The average cost of capital is the amount of money a company must pay in order to secure debt or equity financing. For example, bond coupons are the interest payments a company makes to investors holding this instrument. The cost of capital for equity represents dividends on preferred stock or the share price growth rate on common stock. To figure the average cost of capital, a company can add the bond coupon amounts and dividend payments together and divide by the total amount secured in for financing.
For example, assume a company issues bonds with a coupon rate of $1,000 US Dollars (USD) and issues preferred stock with dividend payments of $500 USD. Both figures represent annual payments. The total amount secured for outside financing is $20,000 USD. The annual average cost of capital is 7.5 percent (1,000 + 500 / 20,000). Therefore, if the company agrees to a three-year plan for this financing option, it will have a total cost of capital of 22.5 percent (7.5*3) on the $20,000 USD. Companies offset the cost of capital by investing the $20,000 USD into business operations that will generate more sales revenue and profits. This helps pay for the cost of capital.
Companies calculate their average cost of capital as this figures is an operating expense. Starting new business operations or purchasing new major operational assets typically requires external funds. Large organizations or publicly held companies typically have several financing options. Therefore, determining the average cost of capital is important as each type of loan or equity funds will have different impacts on their company.
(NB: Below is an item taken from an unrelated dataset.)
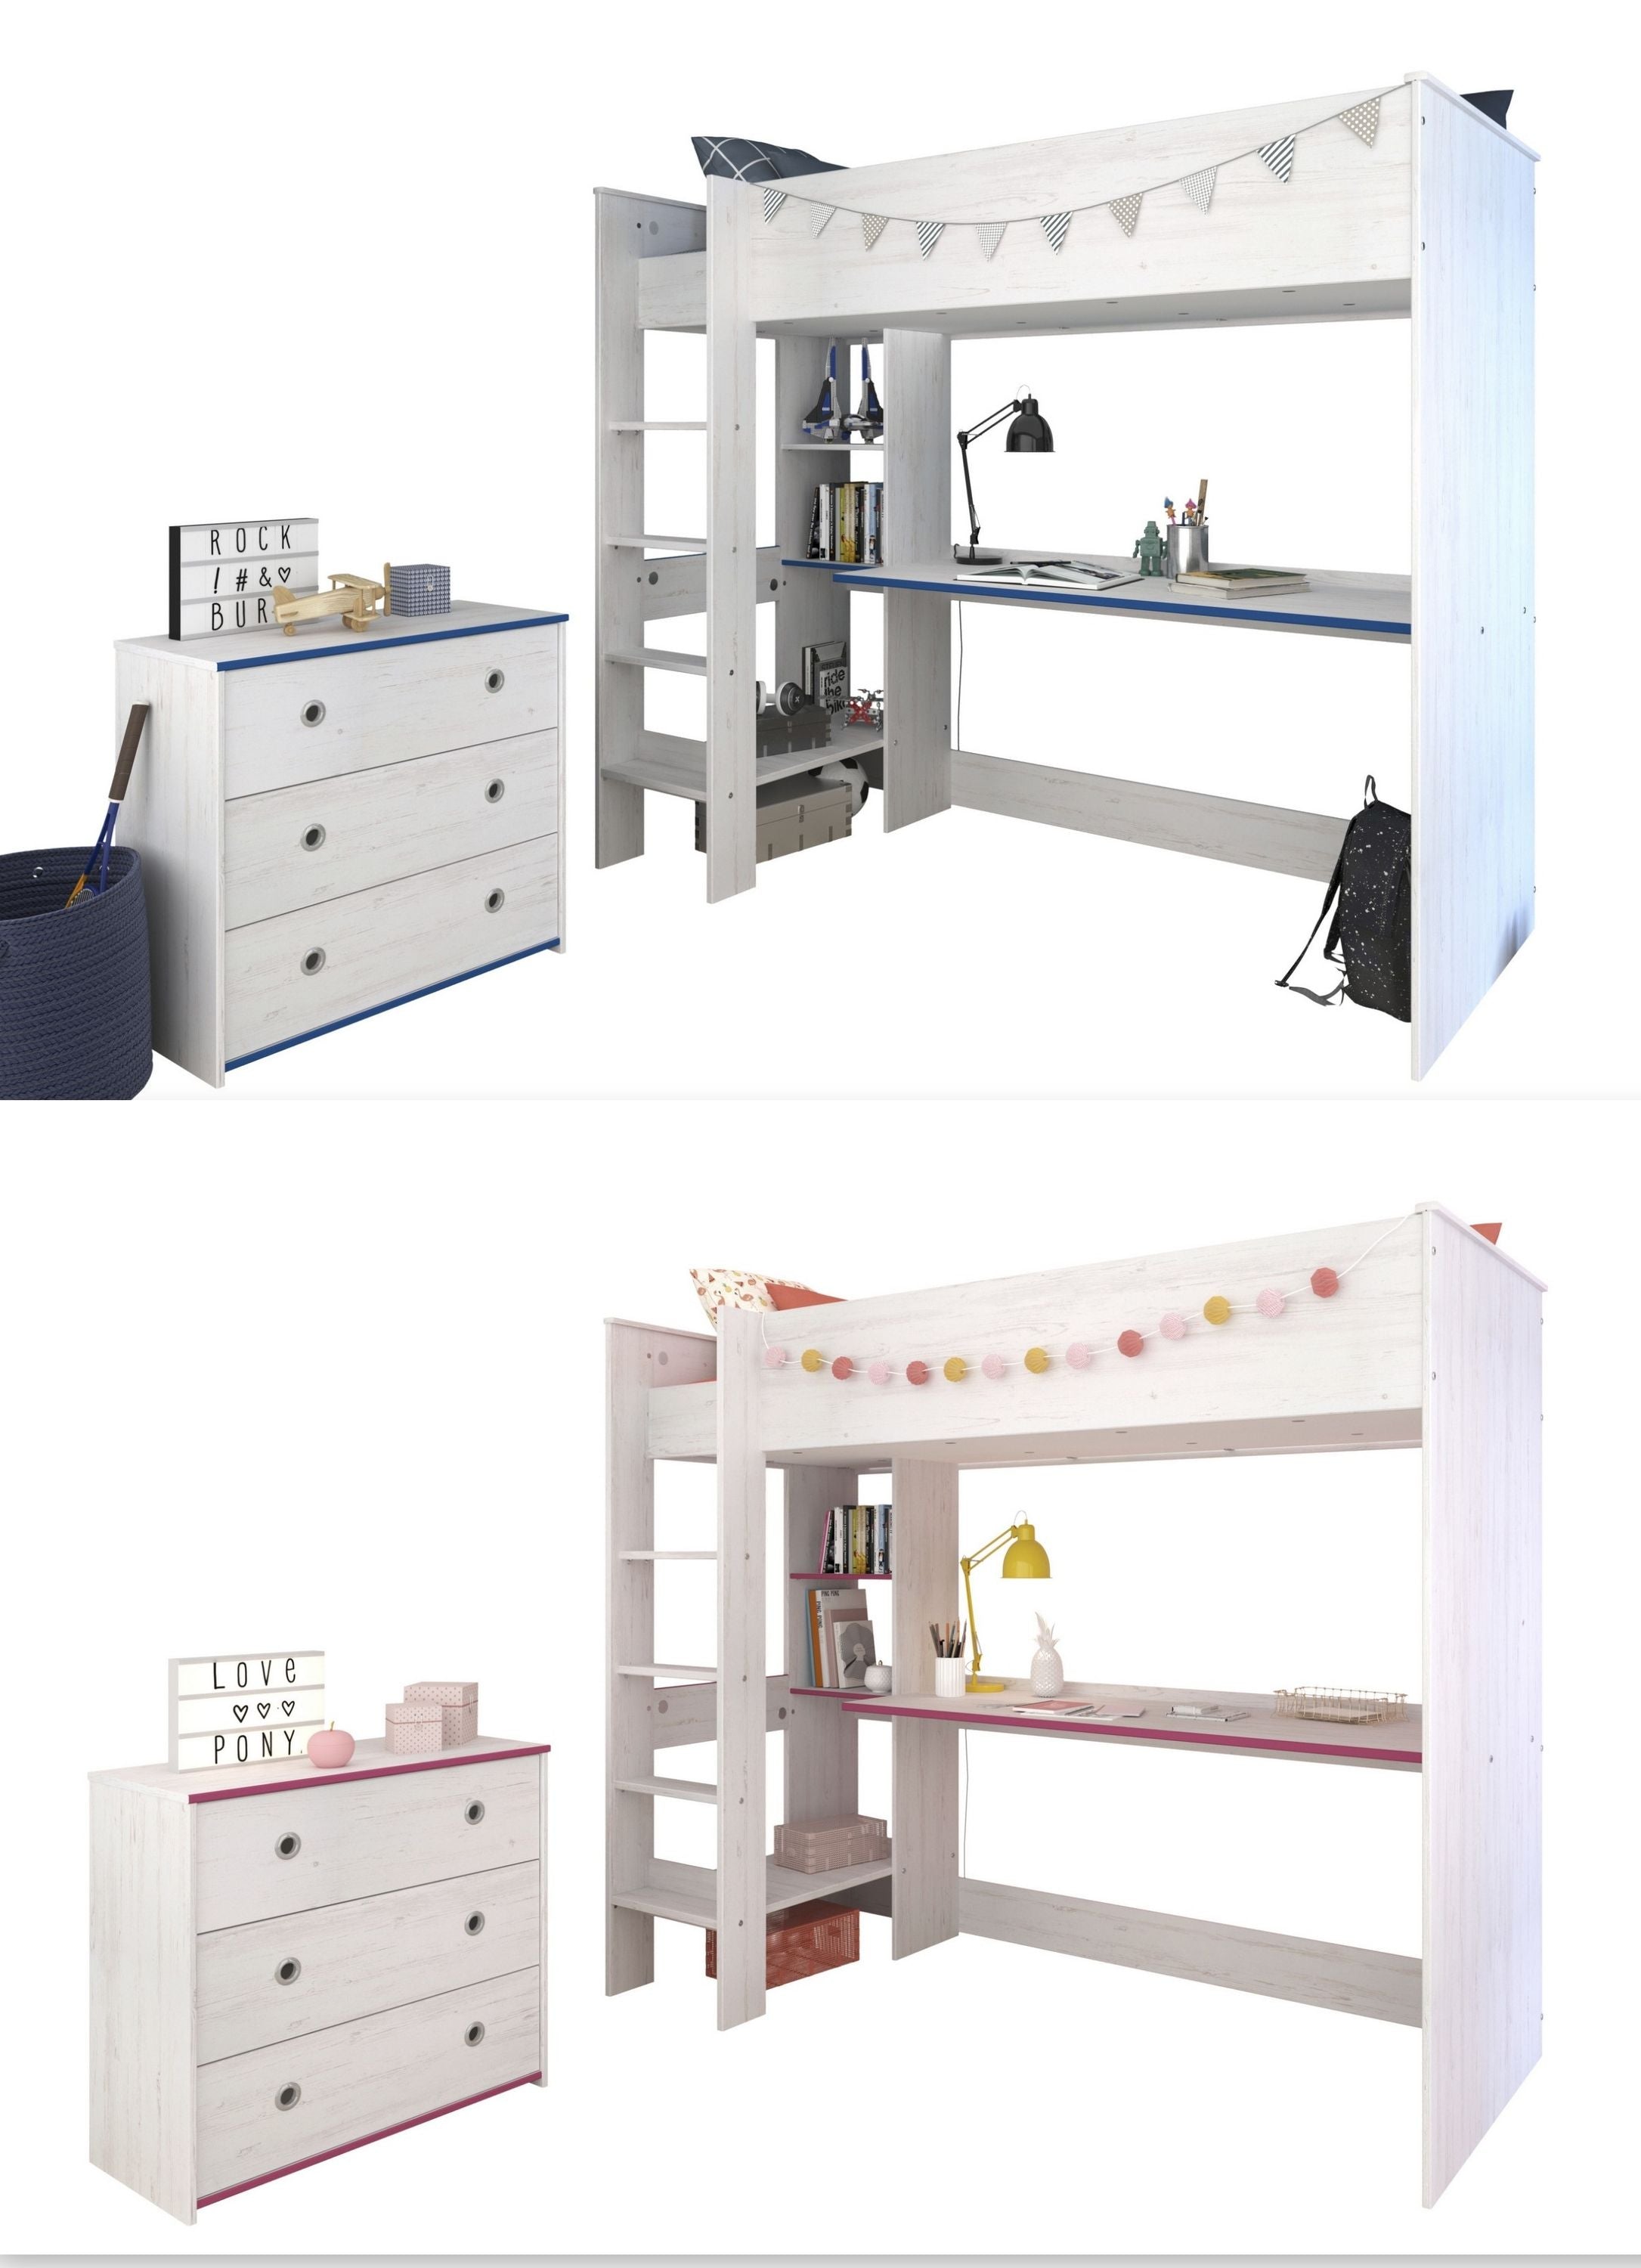 Kinderzimmer Smoozy 29 Parisot 2-teilig weiß - pink - blau Bett + Kommode + Schreibtisch

Another common formula for calculating the average cost of capital is the weighted average cost of capital (WACC) formula. This is a common finance formula that adds weight to each portion of debt and equity financing used in the process. The $20,000 USD represents $12,500 USD in bonds and $7,500 USD in preferred stock. WACC focuses on the interest rates paid for external financing. The interest rates for each financing type are 10 percent for bonds and 7 percent for equity, respectively. The WACC for this project is 8.9 percent annually (((12,500/20,000)*.10) + ((7,500/20,000)*.07)). This focuses solely on interest rates, which are a common cost of capital used for other finance formulas.
Most companies compare their cost of capital to the return on investment from various projects. This allows for owners and managers to have a quick figure to compare with each new business opportunity. For example, projects with a return of investment less than 8.9 percent will be rejected in favor of projects over 8.9 percent.